If there are still fundamental instead of incremental changes to be
expected, a branch is a better place than the trunk.

Since multi-tty is planned for Emacs 23, polishing the uni-tty
emacsclient appears like a waste of effort.  That does not mean that
polishing the multi-tty emacsclient would be much better as long as
the design is not cast into stone.

At the current point of time, I should be very much surprised if we
could arrive at the decision to merge multi-tty or even whether to aim
for a merge before something like a month is over.
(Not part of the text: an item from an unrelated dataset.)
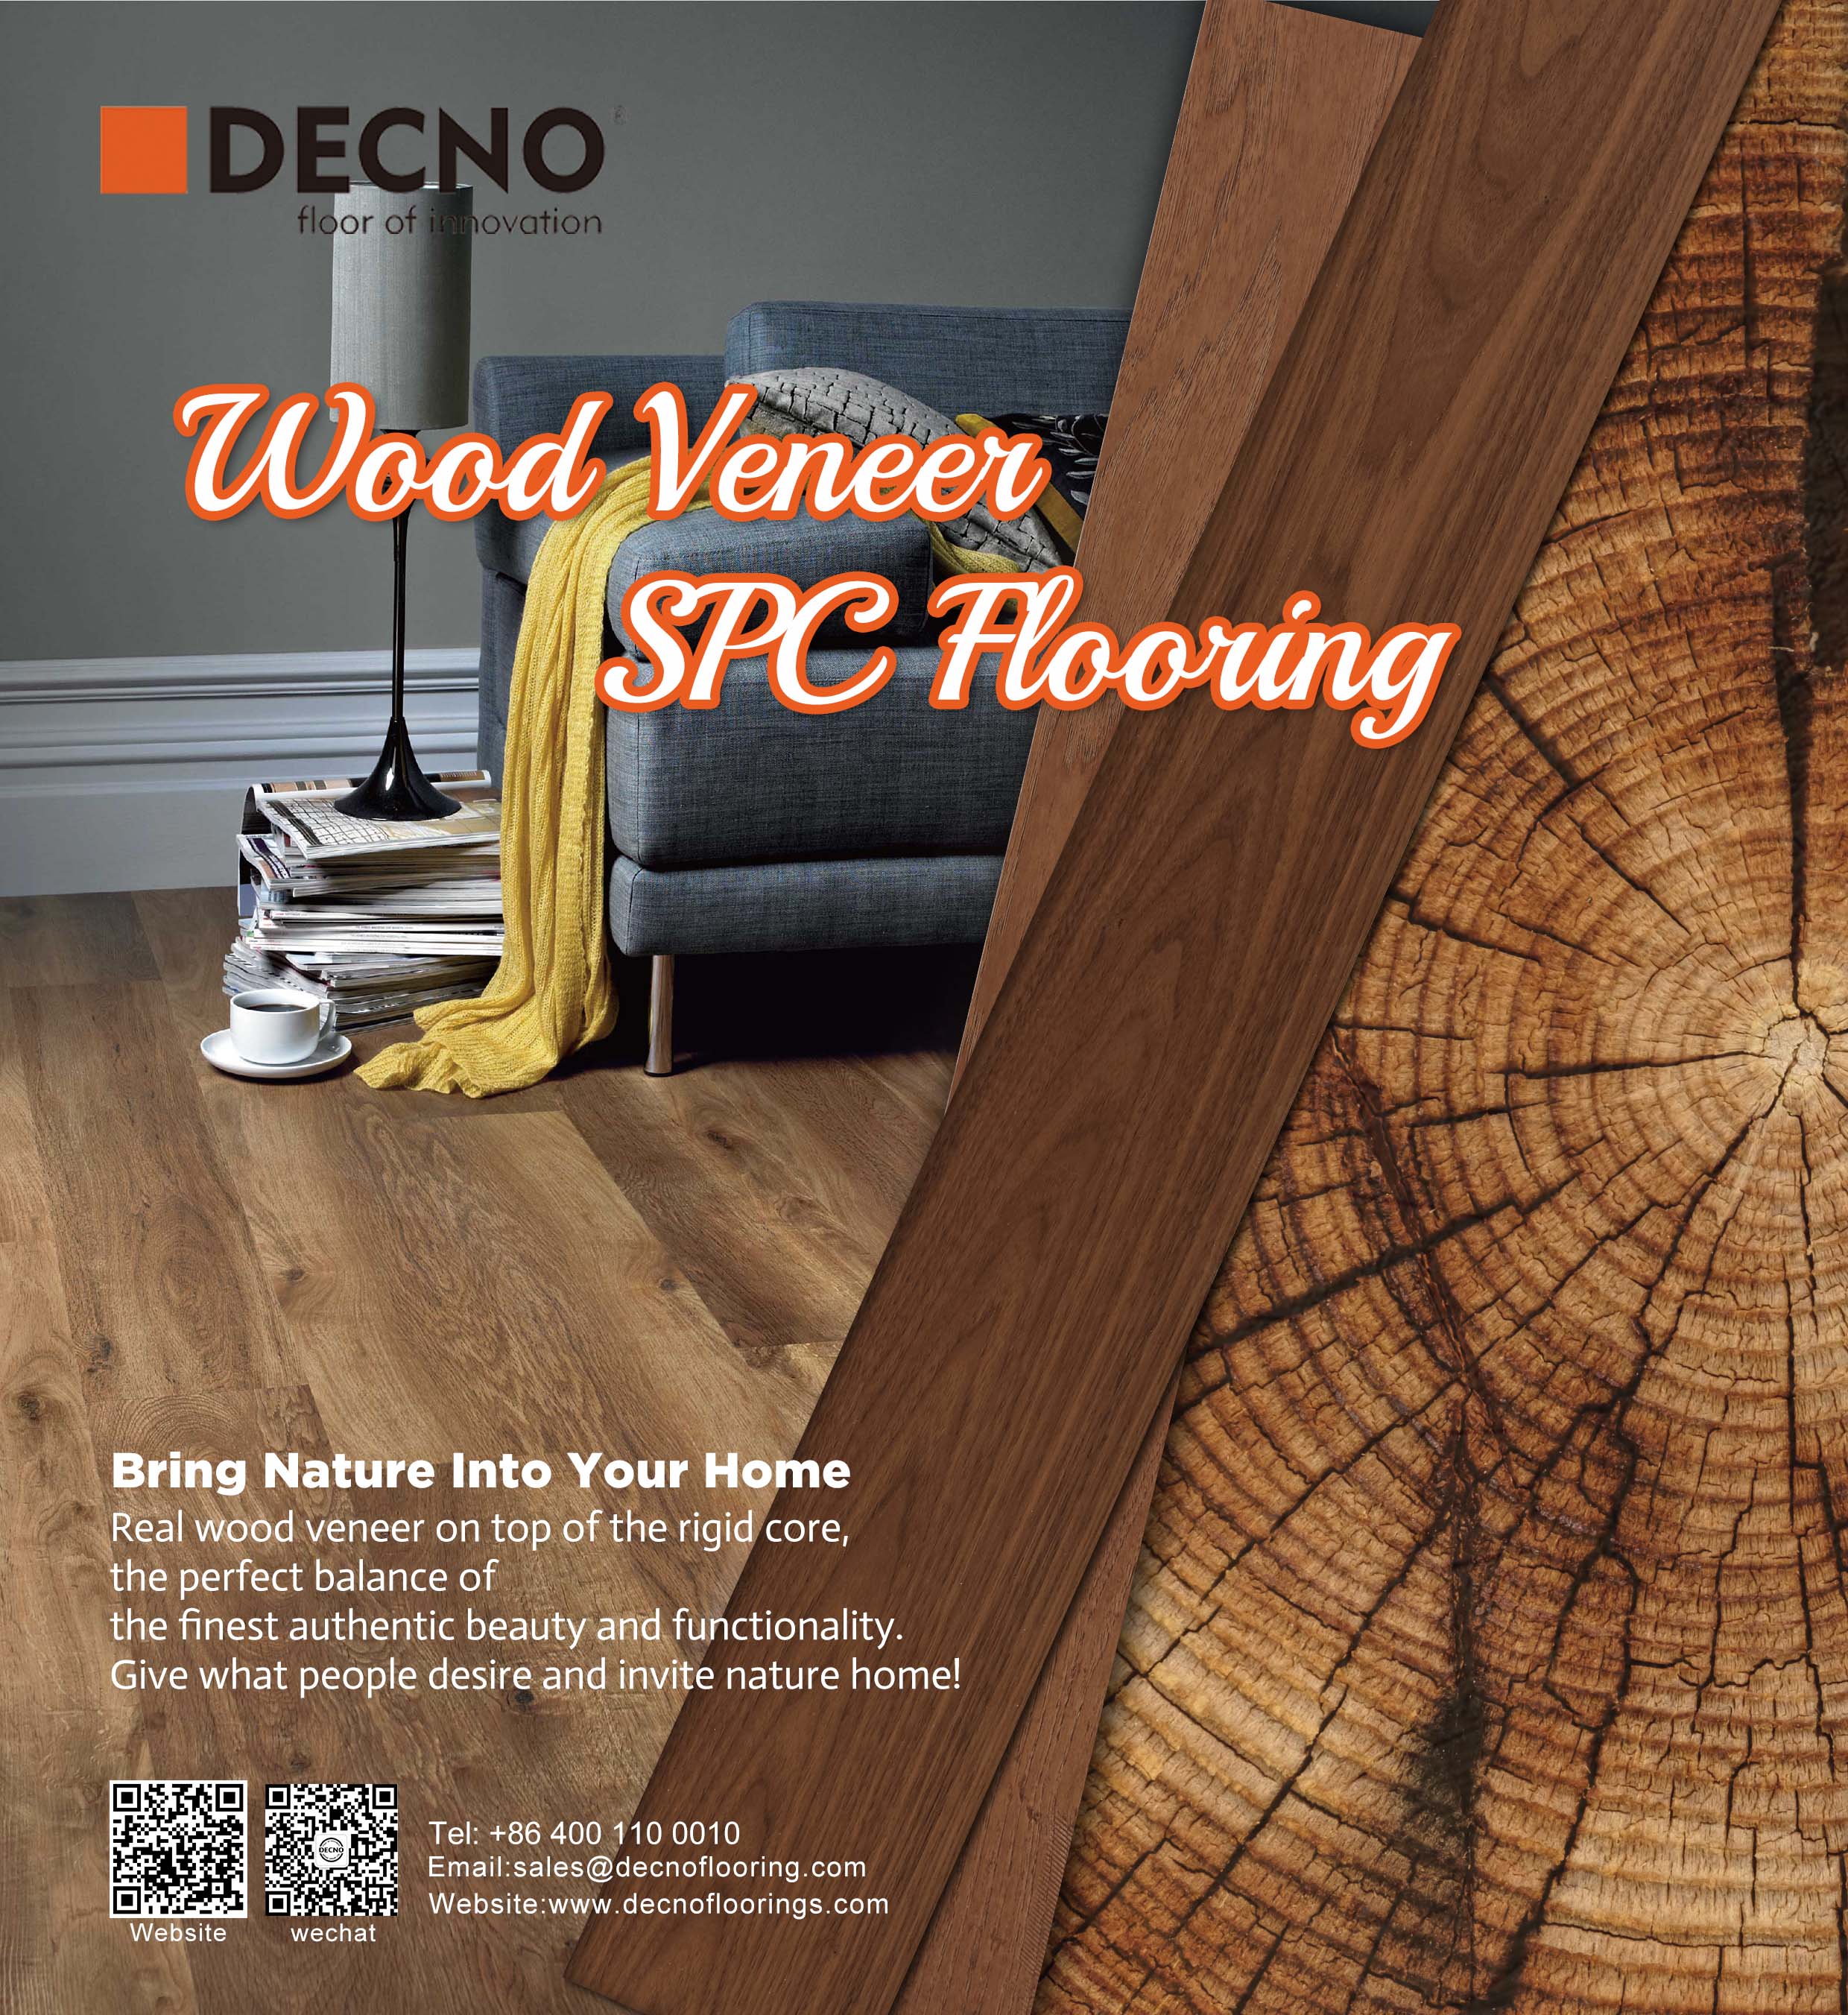 Hardwood SPC Flooring vs Engineered Hardwood Flooring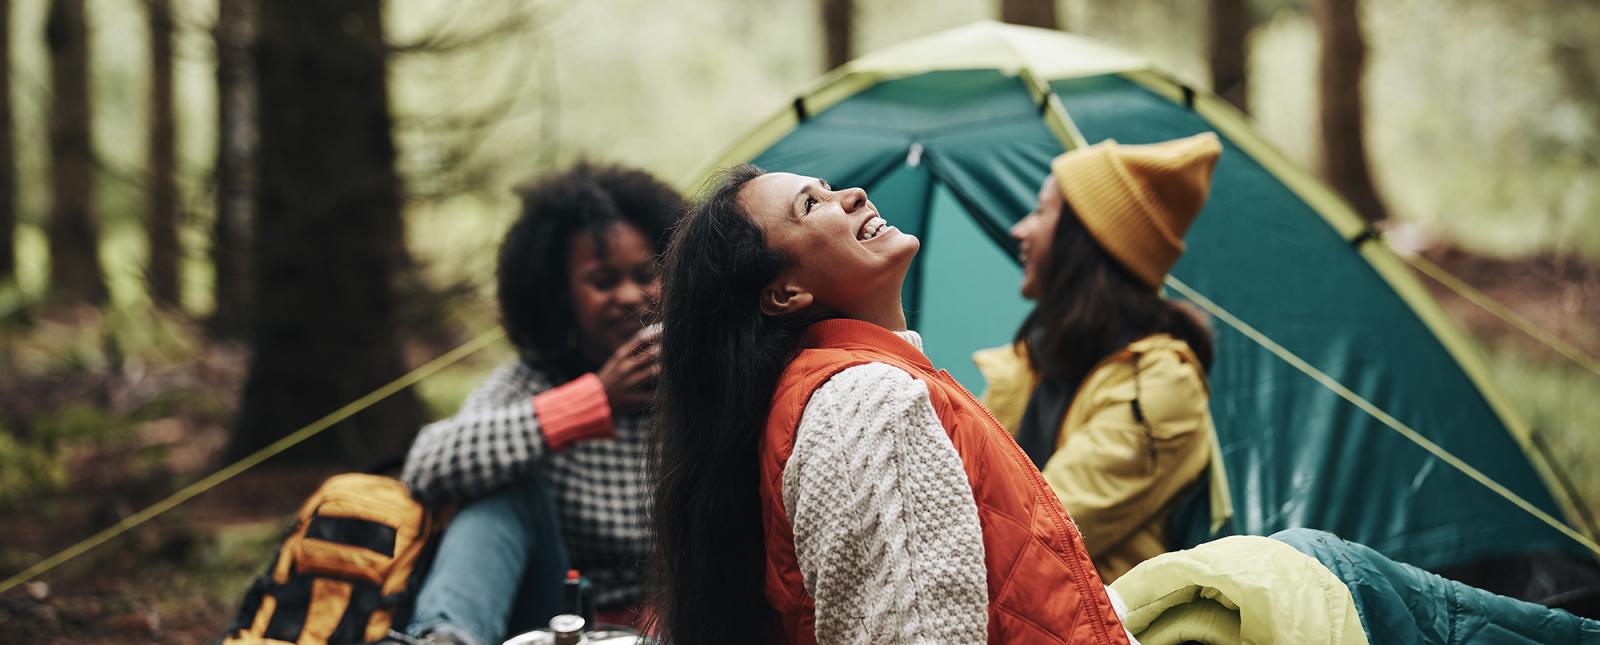 Three women enjoying nature while camping

Up to now, multi-tty has largely been a single-person project, with a
restricted number of testers on a restricted number of platforms and
uses.

So you have to expect some growth pains, and it would be audacious to
expect that this can happen without some fairly significant changes in
the branch.  And it is likely that once that I run out of yelling at
the design (I am working intermittently on another detailed mail) that
others will take up the buck.

At the current point of time, I don't see that we are going to see
this process finish at a point of time before unicode-2.  I have not
yet taken a look at unicode-2, however, and I seem to remember it also
has some Windows-specific issues remaining (somebody correct me if I
am wrong).

The metric for unicode-2 would be the same: a merge into trunk seems
reasonable as soon as no major functional regression can be expected
to occur on all supported platforms.